### [Task brief]
Would you please transcribe the data in full and exactly, excluding images?

### [Raw data]
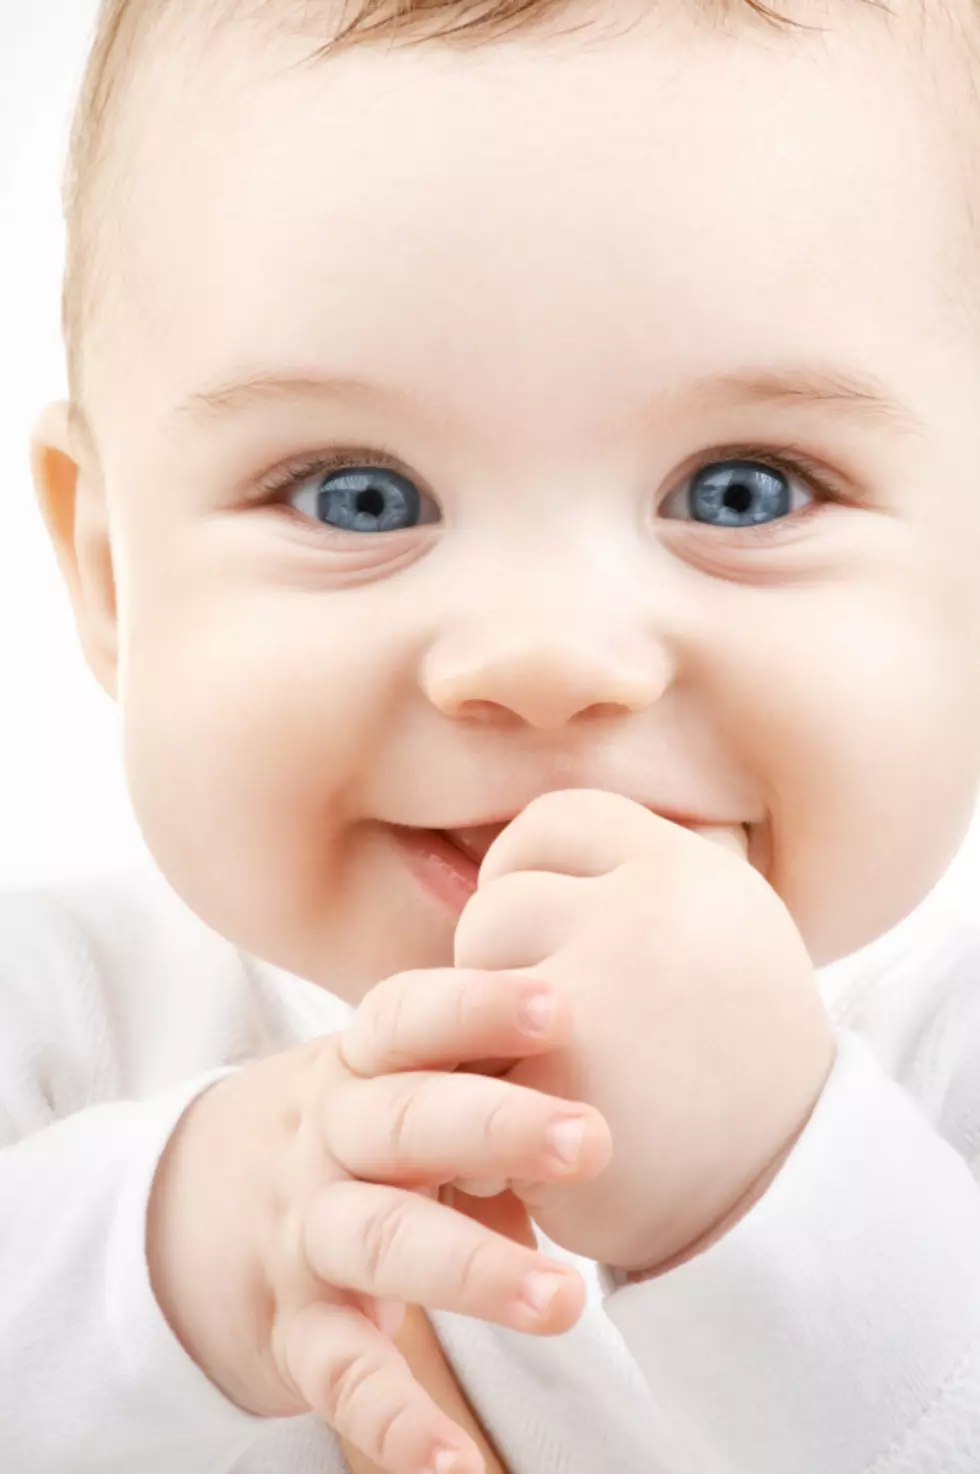 Baby Learns How to Raise His Eyebrows [Video]
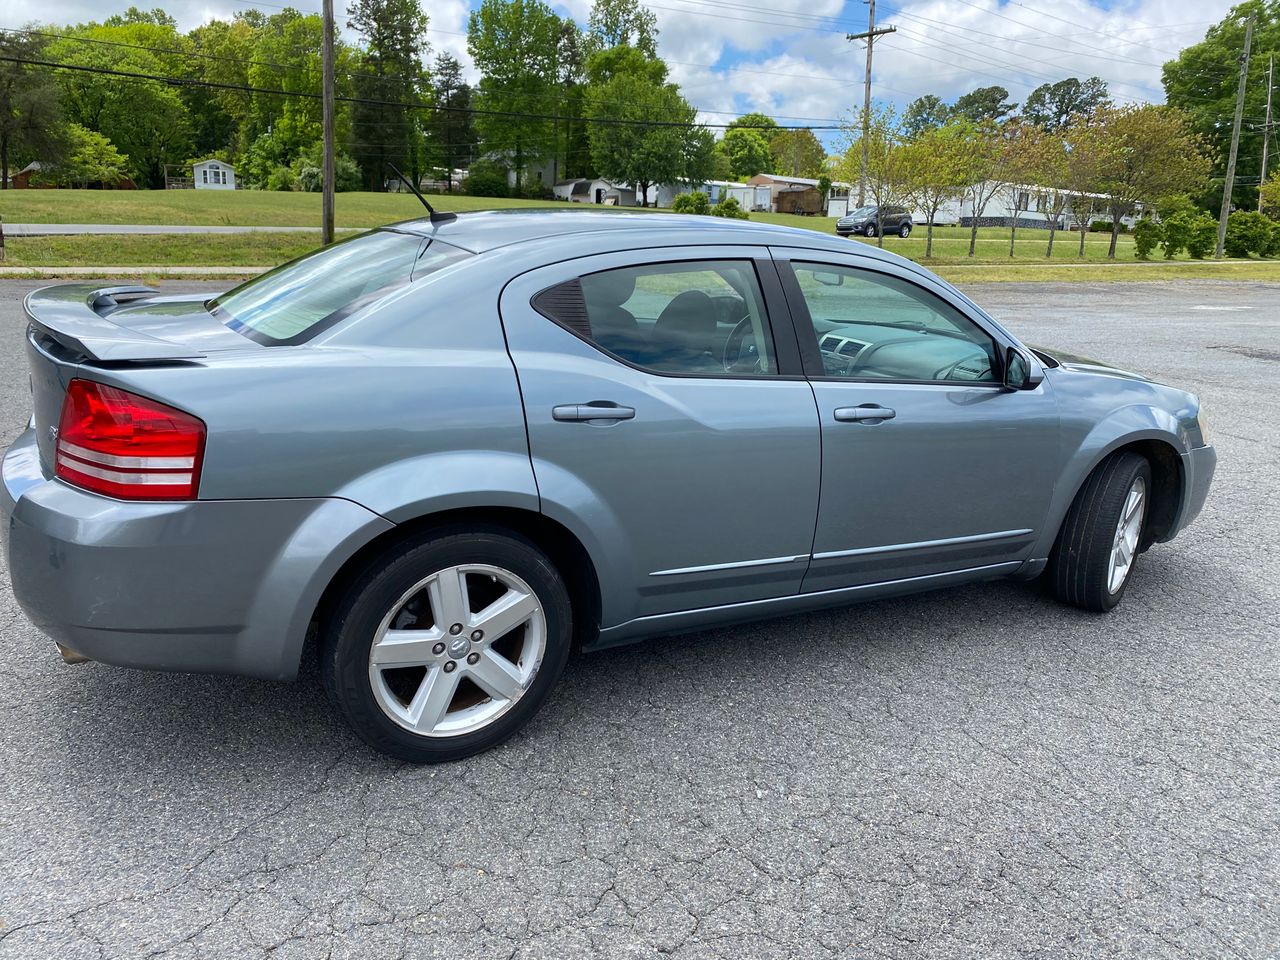 2008 Dodge Avenger R/T | Concord, NC, Bright Silver Metallic Clearcoat (Silver), All Wheel
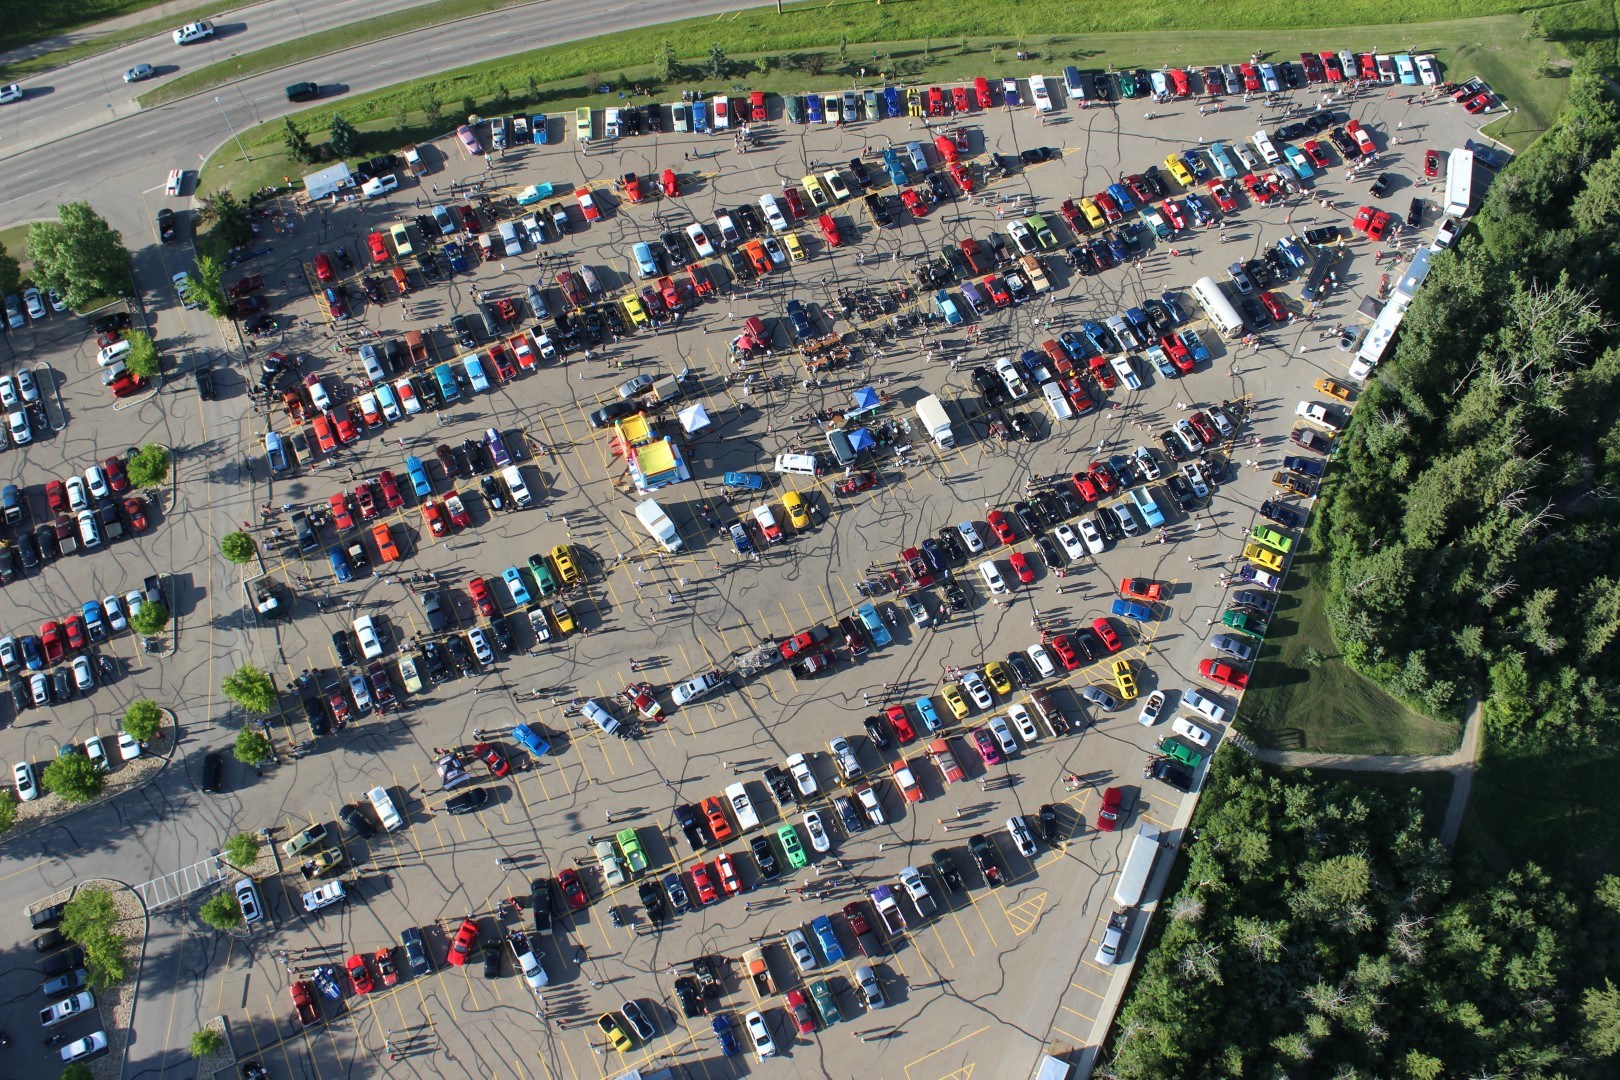 FULLY LOADED – Red Deer Cruise Night has found the ideal spot to showcase hundreds of cars each Thursday night throughout the summer.

### [Final answer]
 Baby Learns How to Raise His Eyebrows [Video]
 2008 Dodge Avenger R/T | Concord, NC, Bright Silver Metallic Clearcoat (Silver), All Wheel
 FULLY LOADED – Red Deer Cruise Night has found the ideal spot to showcase hundreds of cars each Thursday night throughout the summer.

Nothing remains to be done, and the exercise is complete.